Please run the following cells!
    



In [1]:
# Imports

#Import only the libraries/objects that are necessary for more than one dataset. 
#Dataset-specific imports should be in the respective notebook section.

#If any external library has to be installed, !pip install library --quiet
#follow this order: numpy>matplotlib. 
#import widgets in hidden Figure settings cell


import numpy as np
import matplotlib.pyplot as plt
import xarray as xr

In [2]:
from google.colab import drive
drive.mount('/content/drive')

Mounted at /content/drive


In [None]:
# Functions

#Only functions that apply to more than one data source (MODIS, CMIP, ERA5, ...) should be here.
#Functions that apply to more than one datafile from a dataset (MODIS: land cover type and MODIS: NPP) 
#should be in the respective section of the notebook.

In [3]:
# Wrap it into a simple function
def seasonal_mean_by_year(ds, last_month, rolling_months=3 ):
    """
    This function calculates the seasonal mean by resampling the input dataset
    to monthly means, applying a rolling mean with the specified season length.
    The resulting dataset is then filtered to select the last month of the 
    corresponding season, which represents the seasonal mean.
    
    Parameters
    ----------
    ds : xarray.Dataset
        The input dataset containing a time dimension.
    last_month : int
        The last month of the seasonal group. For example, if the season is DJF
        (December-January-February), then last_month=2 (for February).
    rolling_months : int, optional
        The number of months for the rolling mean window, by default 3.
        
    Returns
    -------
    xarray.Dataset
        The seasonal mean dataset.
    """
    #Resampling data to monthly means
    ds_ = ds.resample(time = '1M').mean()

    #Rolling mean. 
    ds_ = ds_.rolling(time = rolling_months).mean()

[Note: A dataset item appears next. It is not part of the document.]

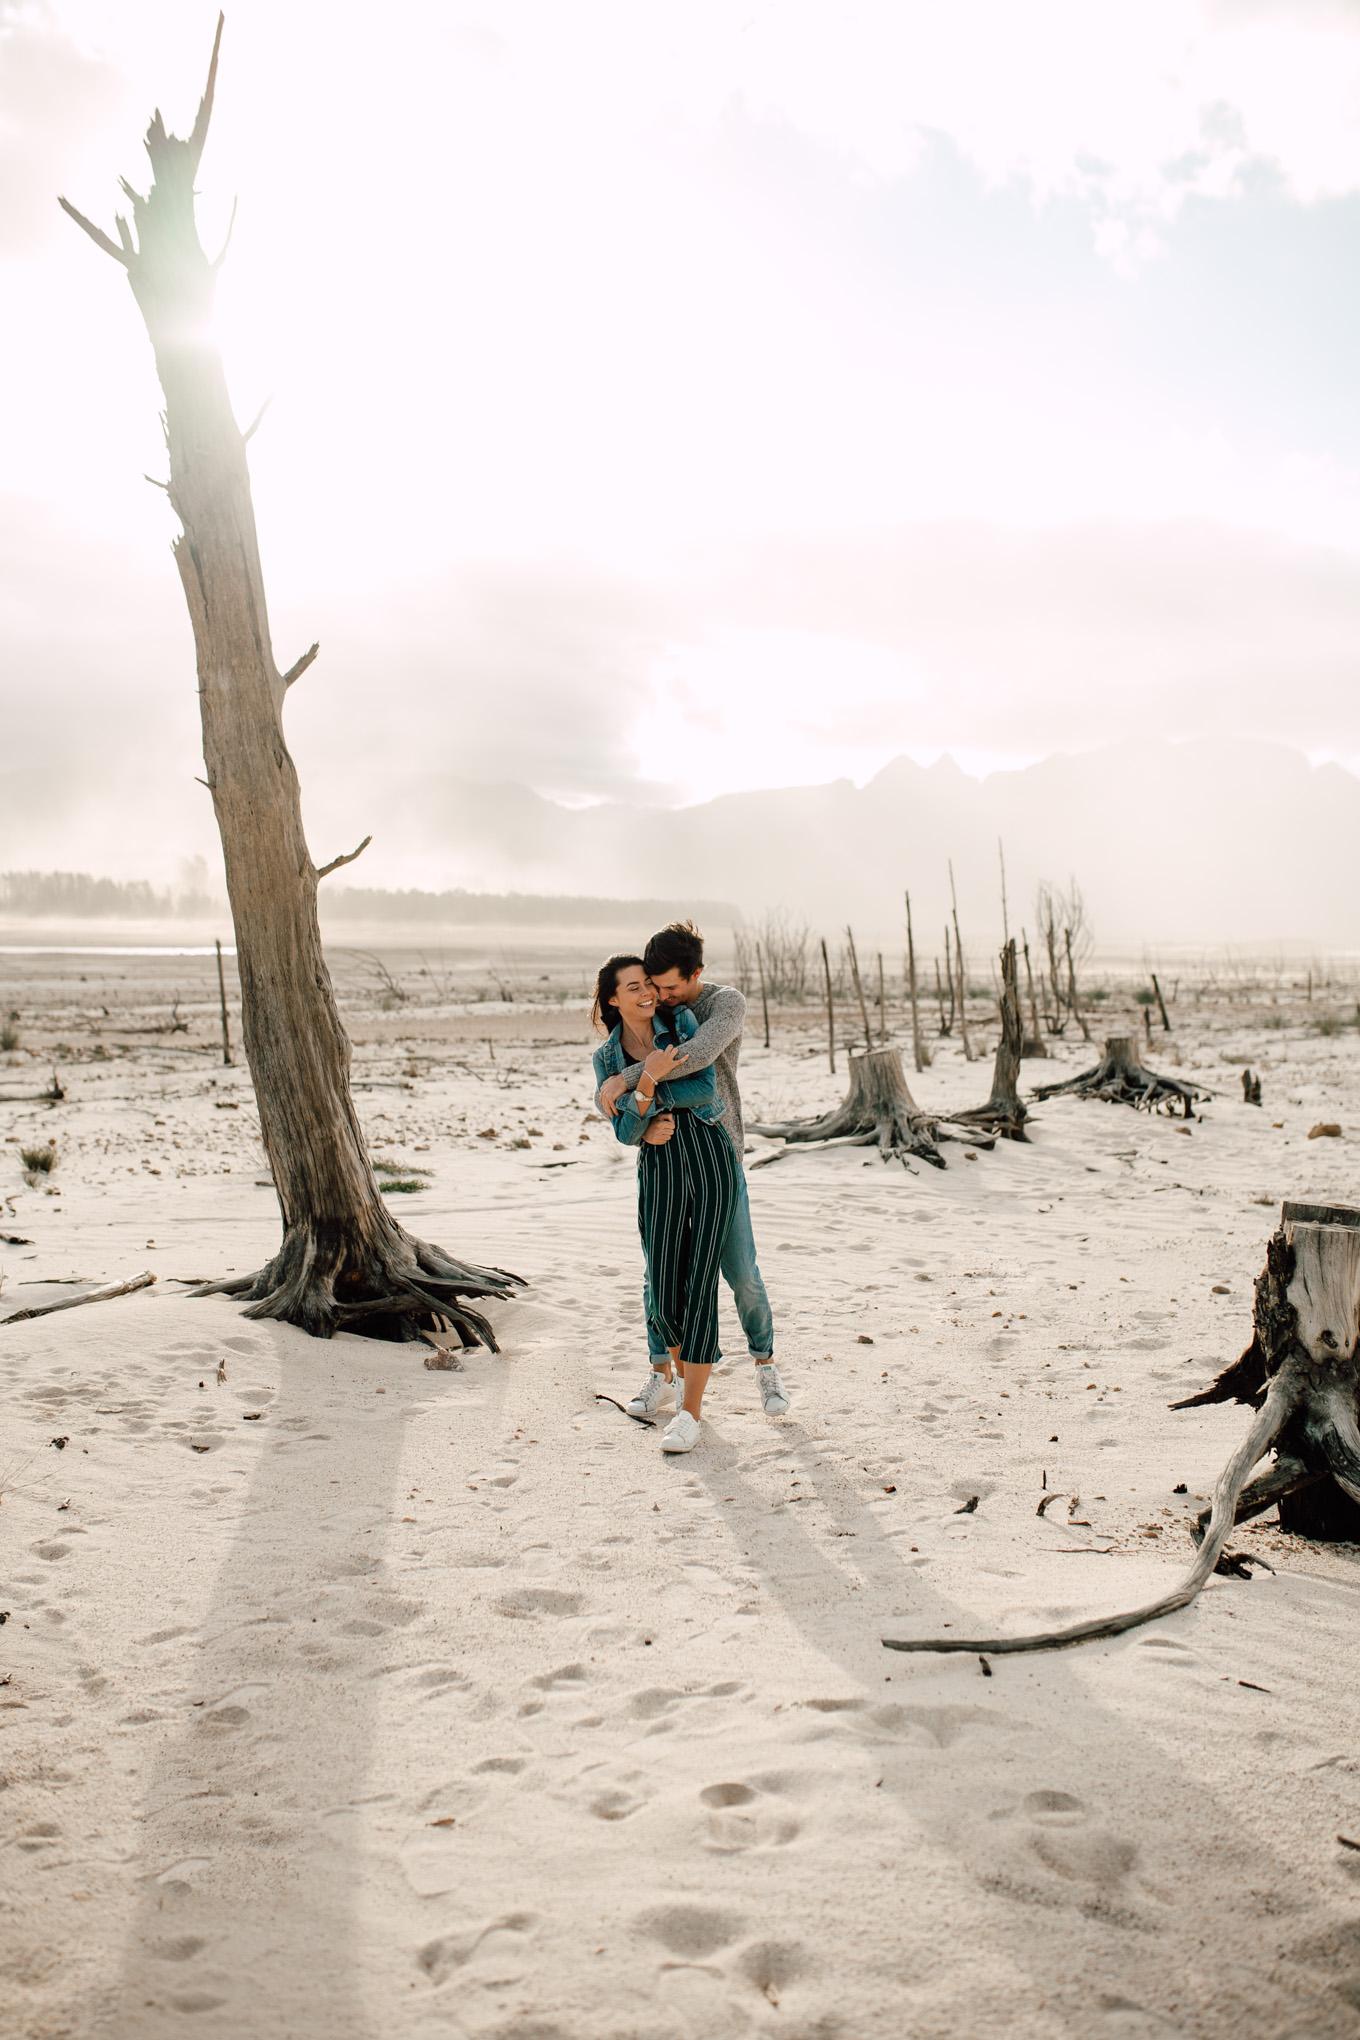 Cape-Town-Pia-Anna-Christian-Wedding-Photography-South-Africa-KF-35.jpg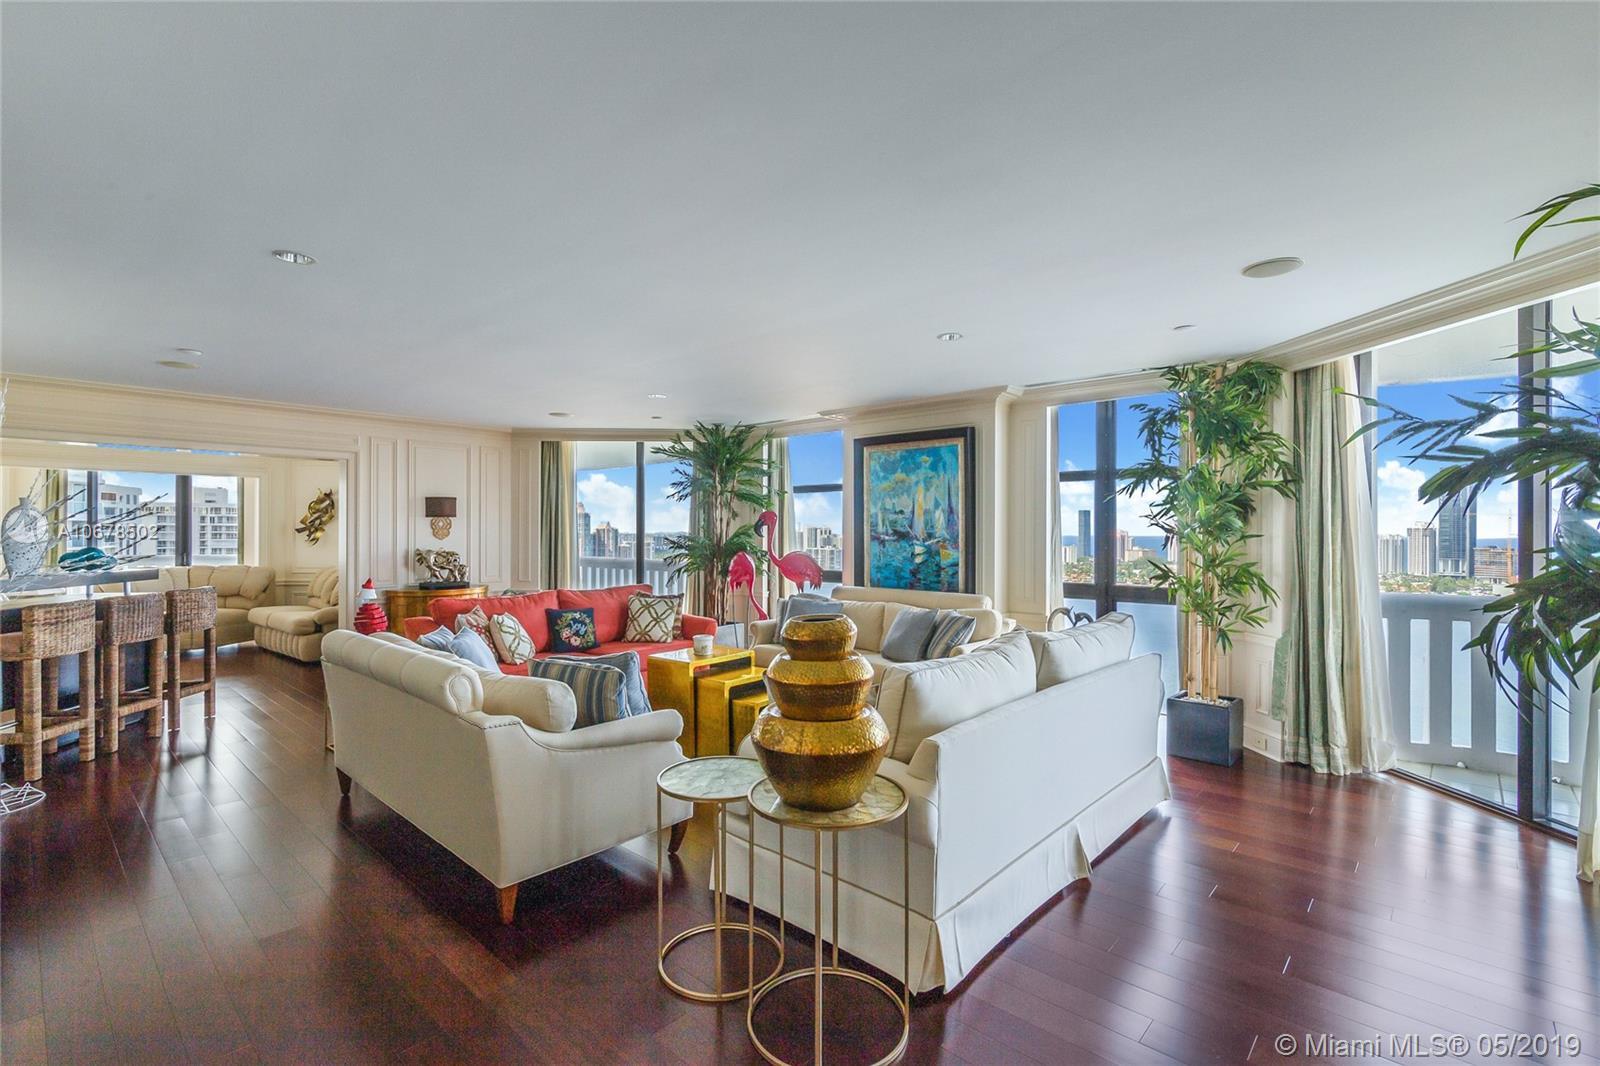 3000 Island Blvd #3003, Aventura, FL 33160 - Aventura, FL real estate listing

    #Select month to get the average over selected season
    return ds_.sel(time=ds_.time.dt.month == last_month)

In [4]:
# @title Helper functions


##### Coments for main function
# The above function serves mainly for Q2 and Q3. 
# If you want to calculate the seasonal mean for a custom season (e.g. ONDJFM), 
# you can implement the function as follows:
# data_ONDJFM = seasonal_mean_by_year(data,3,rolling_months=6)

#### helper function: 
def standardize_data(da, dim):
    """
    Performs standardization on a DataArray along a specified dimension.
    
    Parameters:
        - da (xarray.DataArray): Input DataArray to be standardized.
        - dim (str): Dimension along which to perform standardization.
        
    Returns:
        - xarray.DataArray: Standardized DataArray.
    """
    # Calculate mean and standard deviation along the specified dimension
    mean = da.mean(dim=dim)
    std = da.std(dim=dim)
    
    # Perform standardization
    standardized_da = (da - mean) / std
    
    return standardized_da

## **CHIRPS Version 2.0 Global Daily 0.25°**

The Climate Hazards Group InfraRed Precipitation with Station data (CHIRPS) is a high-resolution precipitation dataset developed by the Climate Hazards Group at the University of California, Santa Barbara. It combines satellite-derived precipitation estimates with ground-based station data to provide gridded precipitation data at a quasi-global scale between 50°S-50°N. 

Read more about CHIRPS here:

* [The climate hazards infrared precipitation with stations—a new environmental record for monitoring extremes](https://www.nature.com/articles/sdata201566)

* [Climate Hazard Group CHG Wiki](https://wiki.chc.ucsb.edu/CHIRPS_FAQ)

### **Indices for extreme events**
The Expert Team on Climate Change Detection and Indices ([ETCCDI]( http://etccdi.pacificclimate.org/list_27_indices.shtml)) has defined various indices that focus on different aspects such as duration or intensity of extreme events. The following functions provide examples of how to compute indices for each category. You can modify these functions to suit your specific needs or create your own custom functions. Here are some tips you can use:

- Most of the indices require daily data, so in order to select a specific season you can just use xarray to subset the data. Example:

` daily_precip_DJF = data_chirps.sel(time=data_chirps['time.season']=='DJF'); `

- A common threshold for a wet event is precipitation greater than or equal to 1mm/day, while a dry (or non-precipitating) event is defined as precipitation less than 1mm/day.
- Some of the indices are based on percentiles. You can define a base period climatology to calculate percentile thresholds, such as the 5th, 10th, 90th, and 95th percentiles, to determine extreme events



In [5]:
def calculate_sdii_index(data):
    """
    This function calculates the Simple Daily Intensity Index (SDII), which
    represents the average amount of precipitation on wet days (days with
    precipitation greater than or equal to 1mm) for each year in the input data.
    The input data should be a Dataset with time coordinates, and the function
    returns a Dataset with the SDII index values for each year in the data.
    ----------
    - data (xarray.Dataset): Input dataset containing daily precipitation data.
    - period (str, optional): Period for which to calculate the SDII index. 
      
    Returns:
    -------
        - xarray.Dataset: Dataset containing the SDII index for the given period.
    """
    # Calculate daily precipitation amount on wet days (PR >= 1mm)
    wet_days = data.where(data >= 1)
    
    # Group by year and calculate the sum precipitation on wet days
    sum_wet_days_grouped = wet_days.groupby('time.year').sum(dim='time')

    # Count number of wet days for each time step
    w = wet_days.groupby('time.year').count(dim='time')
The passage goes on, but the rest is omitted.